(INFORMATION SUPPLIED)
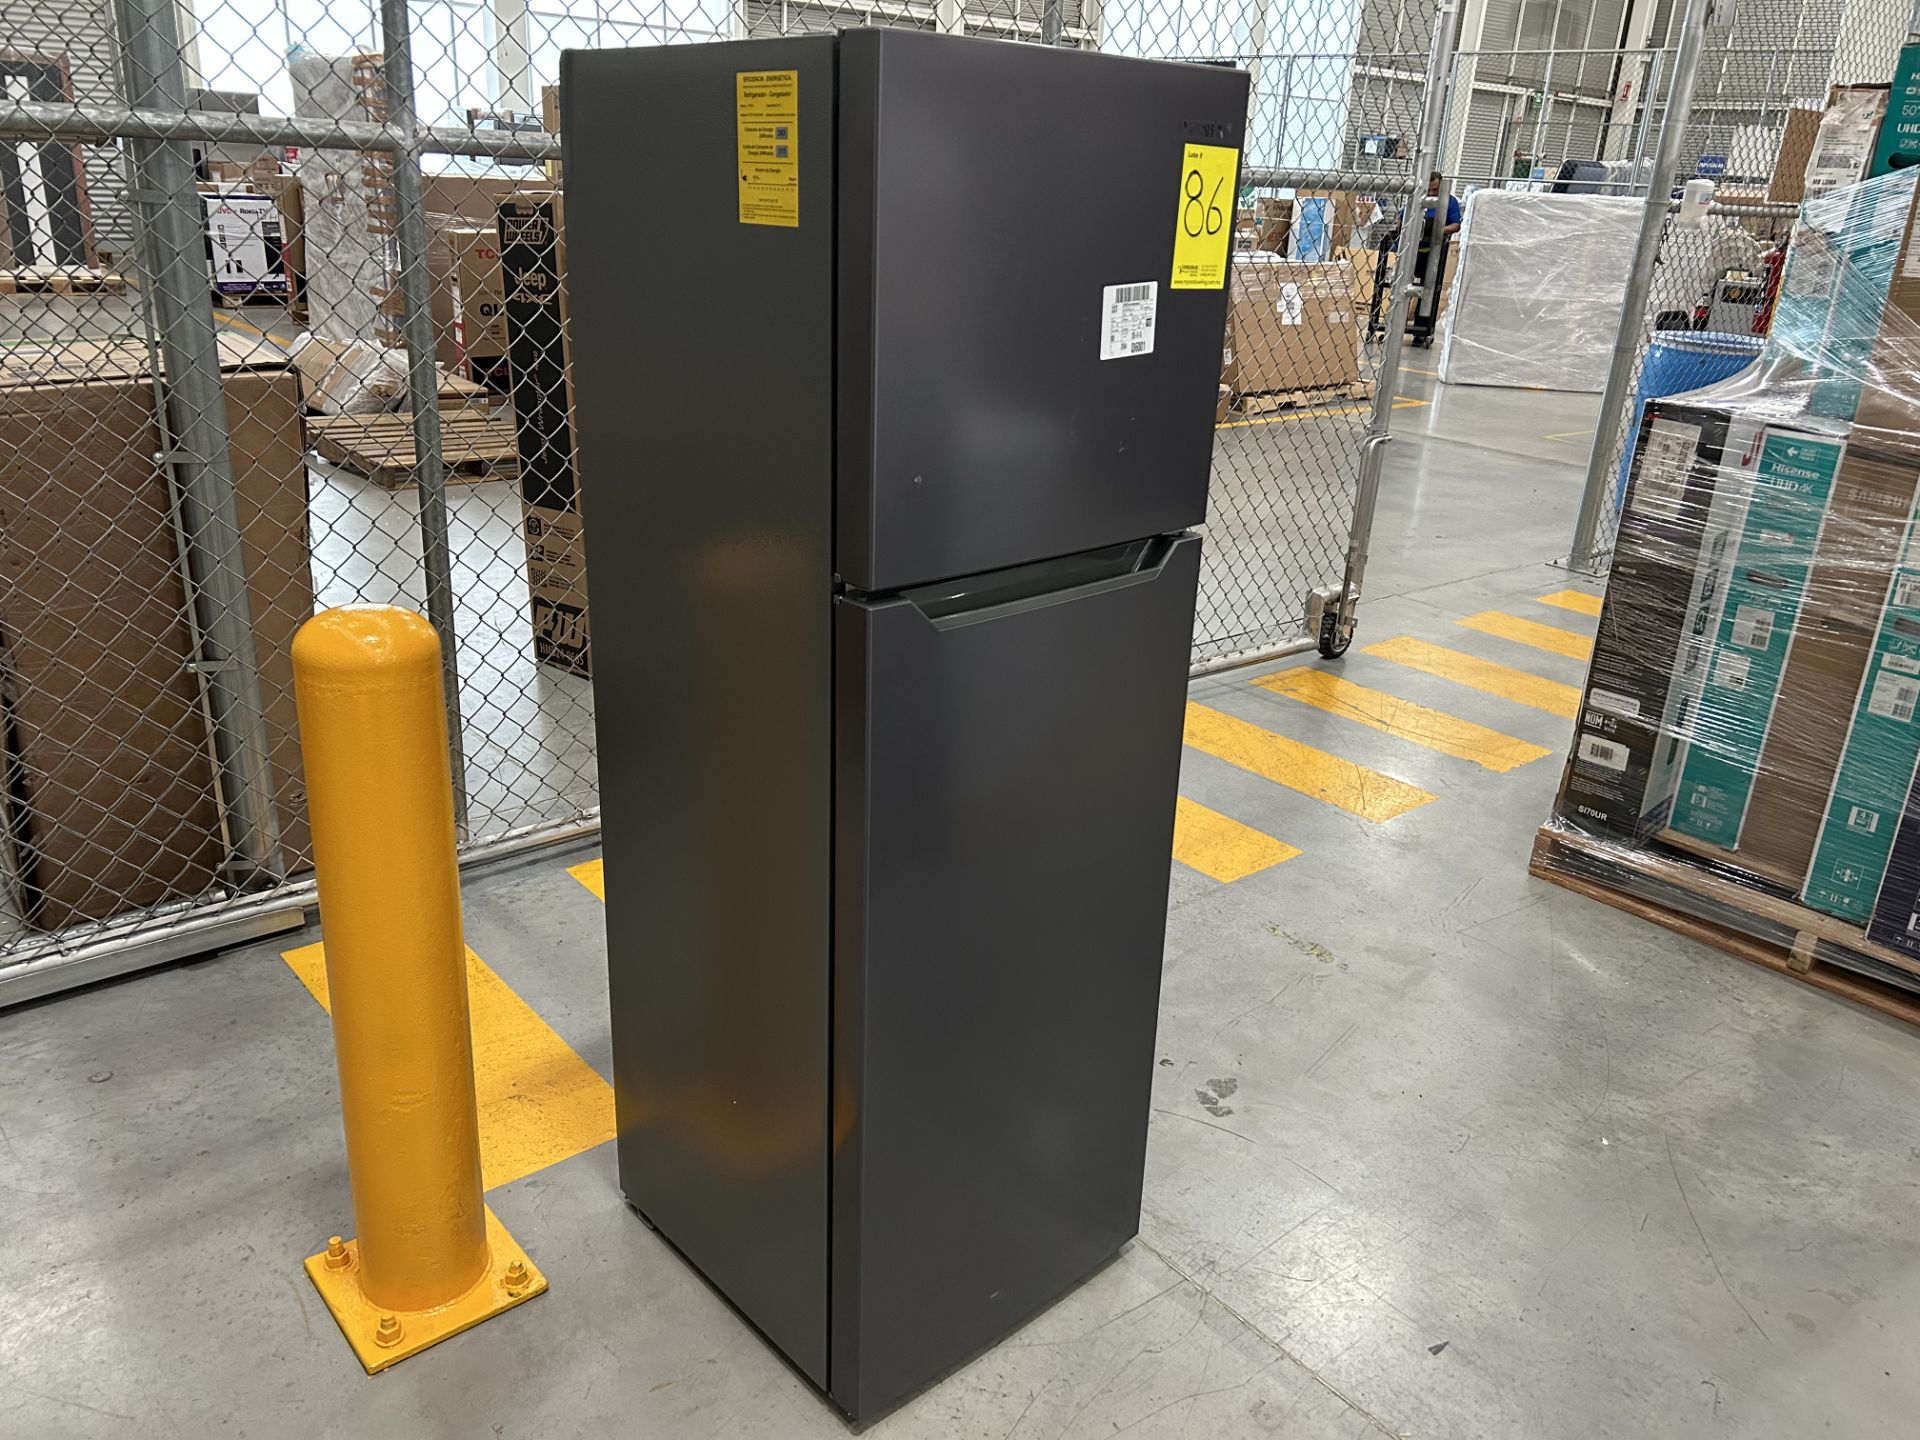 Lote de 2 refrigeradores contiene: 1 refrigerador Marca MABE, Modelo RME360FX, Serie 06730, Color G - Image 8 of 12
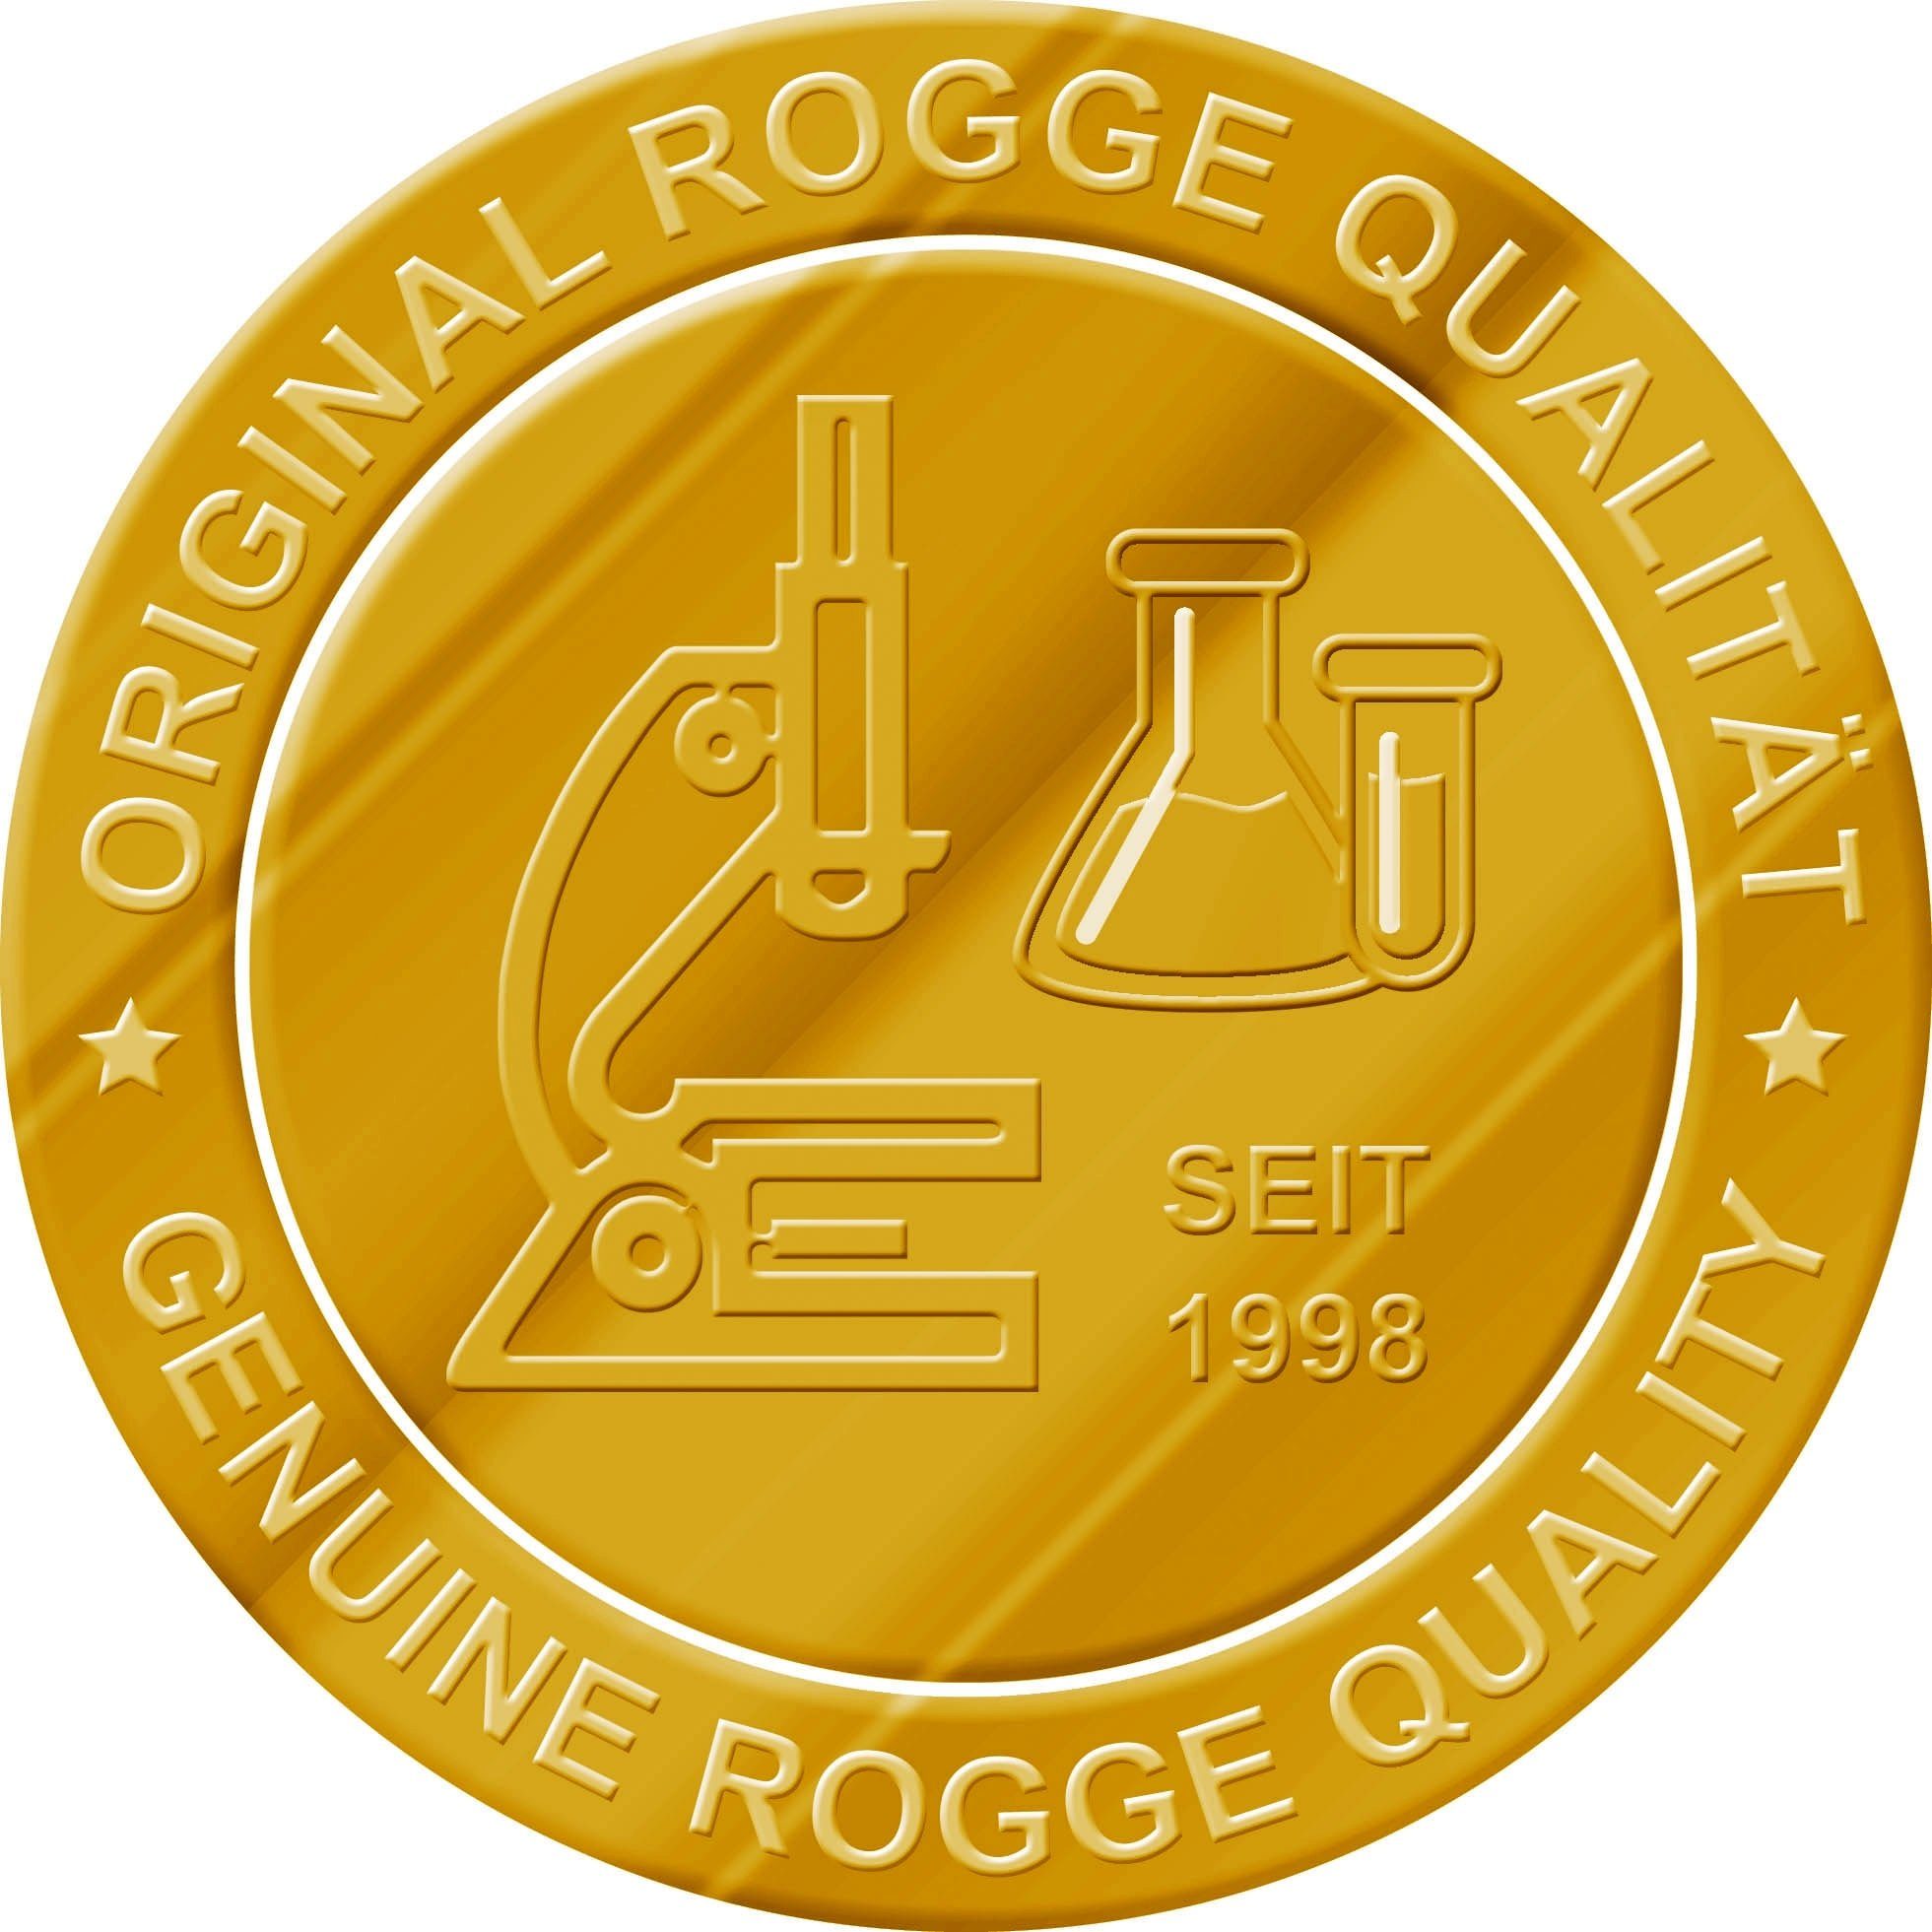 Rogge ROGGE Screen (1-St. Flüssigreiniger Liter Nachfüllflasche 1.000ml - 1 Cleaner Bildschirmreiniger)
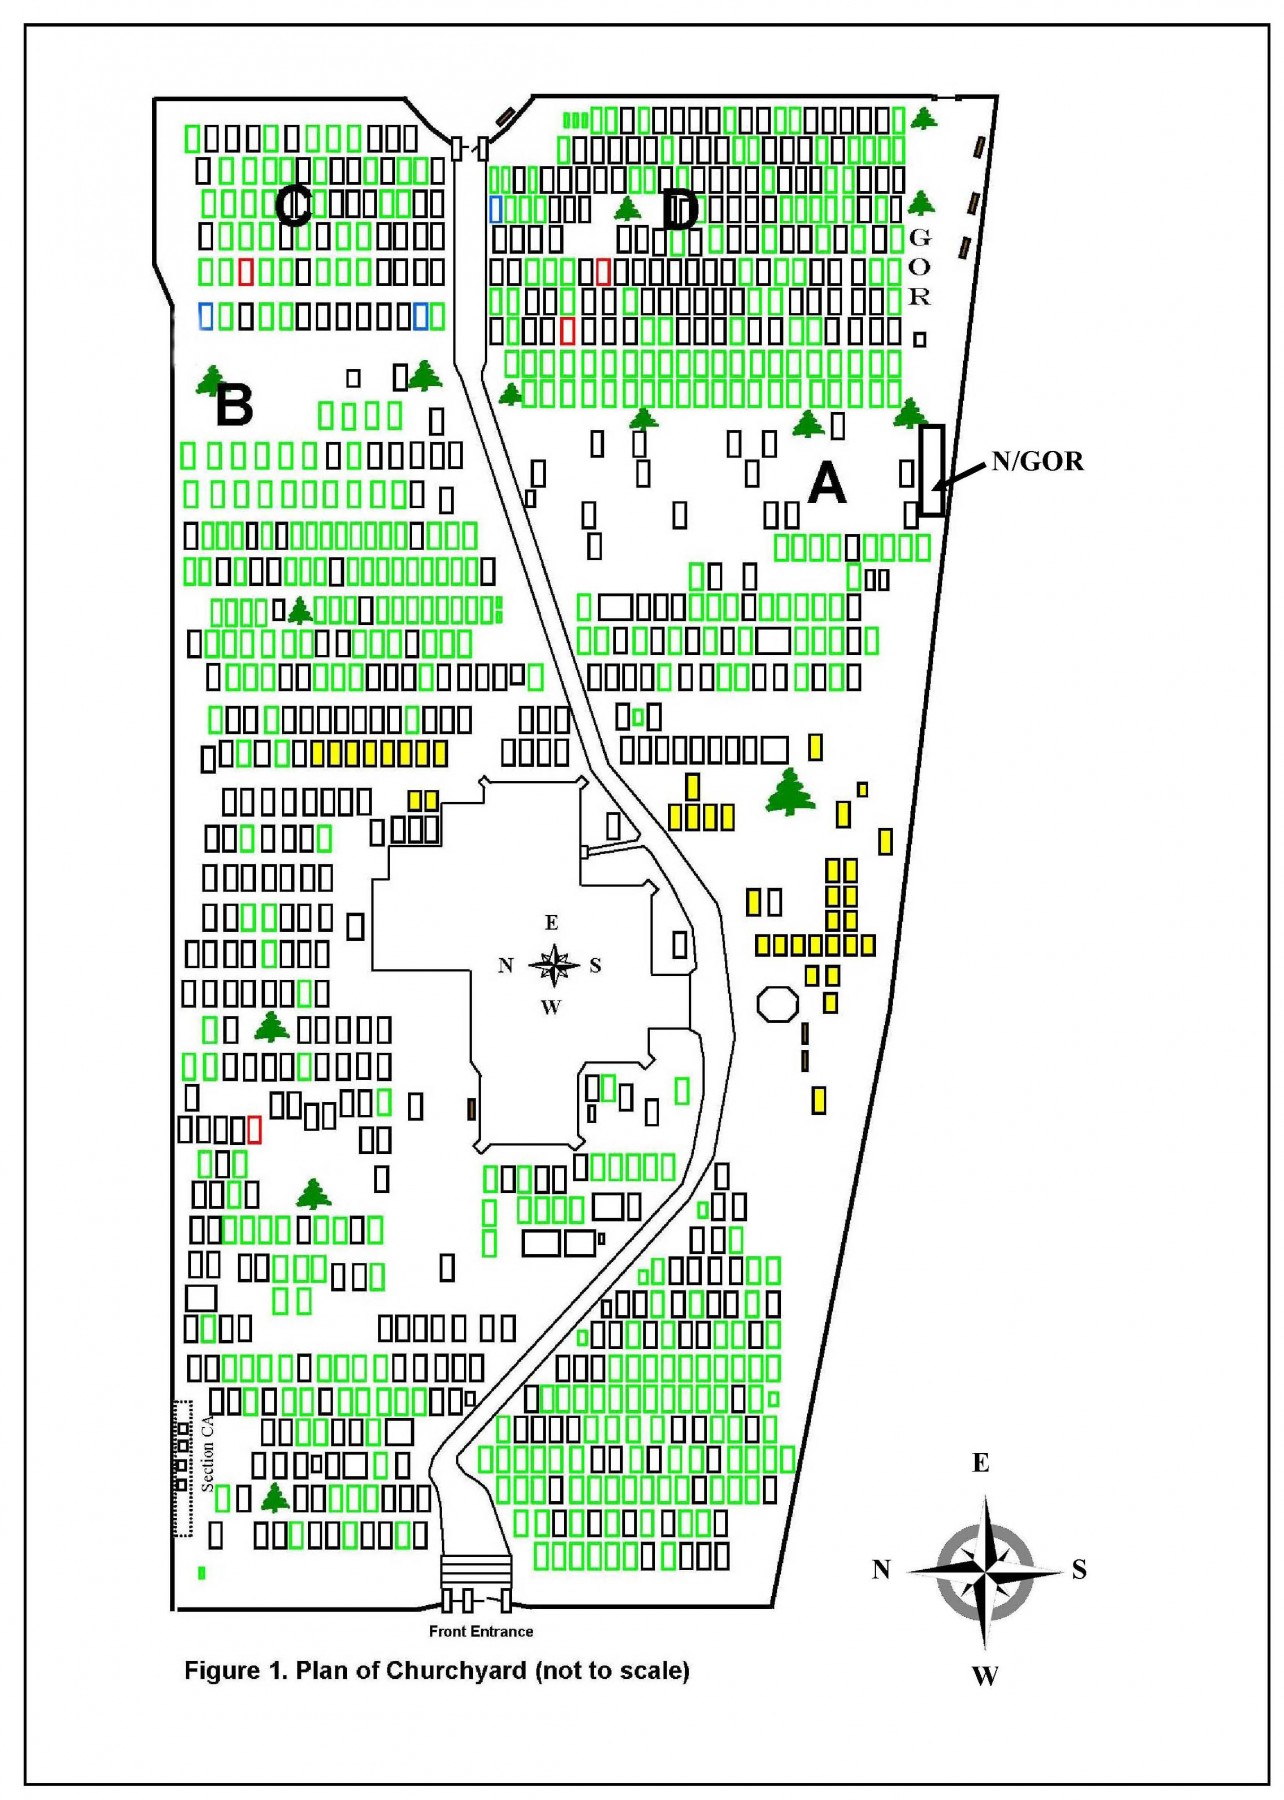 Plan of churchyard
(End INFORMATION SUPPLIED)
Reproduce every line above exactly as written, omitting the images.

◆ **OUTPUT BELOW**
 Lote de 2 refrigeradores contiene: 1 refrigerador Marca MABE, Modelo RME360FX, Serie 06730, Color G - Image 8 of 12
 Rogge ROGGE Screen (1-St. Flüssigreiniger Liter Nachfüllflasche 1.000ml - 1 Cleaner Bildschirmreiniger)
 Plan of churchyard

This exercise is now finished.